Correlations of heat and charge currents in quantum-dot thermoelectric engines

We consider the situation where the dots are weakly coupled to the leads such that transport occurs via sequential tunneling. The electron dynamics is well described by a Markovian master equation for the reduced density matrix [5] with diagonal elements given by the occupation probability of each charge state, ρ = (ρ₀₀,ρ₁₀,ρ₀₁,ρ₁₁)^T.

We are interested in the charge flowing through one of the leads of the conductor (say l = 2) and the heat transferred from the heat source (contact l = 3). The stationary charge and heat currents, $I=\langle \skew3\hat{I}\rangle$ and $J=\langle \skew3\hat{J}\rangle$, zero frequency charge and heat noise, $S_{I\! I}=\langle (I-\skew3\hat{I})^2\rangle$ and $S_{J\! J}=\langle (J-\skew5\hat{J})^2\rangle$, and cross-correlation, $S_{I\! J}=\langle (I-\skew3\hat{I})(J-\skew5\hat{J})\rangle$, as well as higher order cumulants, can be calculated by counting statistics techniques [60, 61]⁶. Here we introduce the charge, χ, and heat, ξ, counting fields⁷ in the master equation, $\dot \rho ={\cal M}(\chi ,\xi )\rho$, with [22]

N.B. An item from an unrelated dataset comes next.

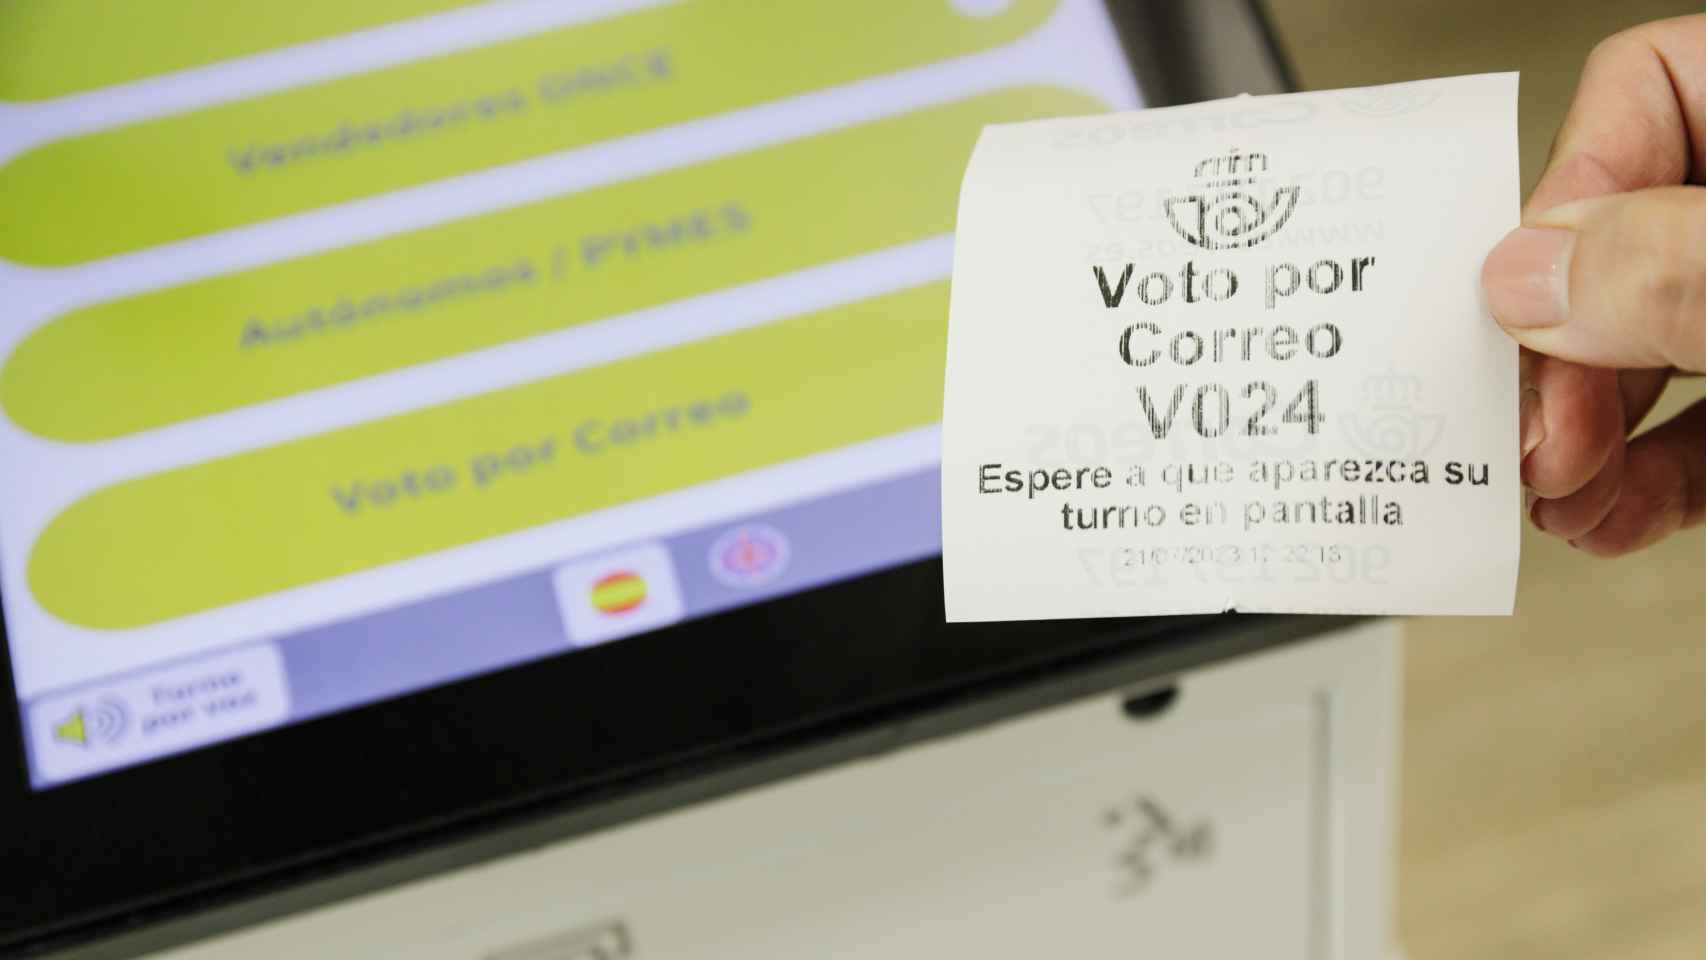 Un ticket del turno para pedir voto por correo

$$\begin{eqnarray} \fl {\cal M}(\chi,\xi)= \left(\begin{array}{@{}cccc@{}} -\Gamma_{\!s0}^--\Gamma_{\!g0}^- & \Gamma_{\!10}^++{\rm e}^{{\rm i}q\chi}\Gamma_{\!20}^+ & {\rm e}^{{\rm i}\Theta_{30}\xi}\Gamma_{\!g0}^+ & 0\\ \Gamma_{\!10}^-+{\rm e}^{-{\rm i}q\chi}\Gamma_{\!20}^- & \ \ -\Gamma_{\!s0}^+-\Gamma_{\!g1}^- & 0 & {\rm e}^{{\rm i}\Theta_{31}\xi}\Gamma_{\!g1}^+\\ {\rm e}^{-{\rm i}\Theta_{30}\xi}\Gamma_{\!g0}^- & 0 & -\Gamma_{\!s1}^--\Gamma_{\!g0}^+ & \Gamma_{\!11}^++{\rm e}^{{\rm i}q\chi}\Gamma_{\!21}^+\\ 0 & {\rm e}^{-{\rm i}\Theta_{31}\xi}\Gamma_{\!g1}^- & \Gamma_{\!11}^-+{\rm e}^{-{\rm i}q\chi}\Gamma_{\!21}^- & -\Gamma_{\!s1}^+-\Gamma_{\!g1}^+\\ \end{array} \right), \end{eqnarray} \tag{ 3 }$$

where Θ_ln = E_α,n − qV_l is the heat carried by electrons in the tunneling process, and Γ^±_sn = Γ^±_1n + Γ^±_2n. Here, Γ^±_ln are the tunneling rates for electrons tunneling into (−) or out of (+) a quantum dot through barrier l when the other dot contains n electrons. They are given by Fermi's golden rule as Γ⁻_ln = Γ_lnf(Θ_lnβ_l) and Γ⁺_ln = Γ_ln − Γ⁻_ln, with the Fermi function f(x) = (1 + e^x)⁻¹ and β_l = (kT_l)⁻¹. Note that the energy dependence of the rates arises both from the Fermi functions and the tunnel couplings, Γ_ln. We consider the regime kT_l ≫ Γ_ln where broadening of the energy levels can be neglected. Currents are defined as positive when flowing into terminals.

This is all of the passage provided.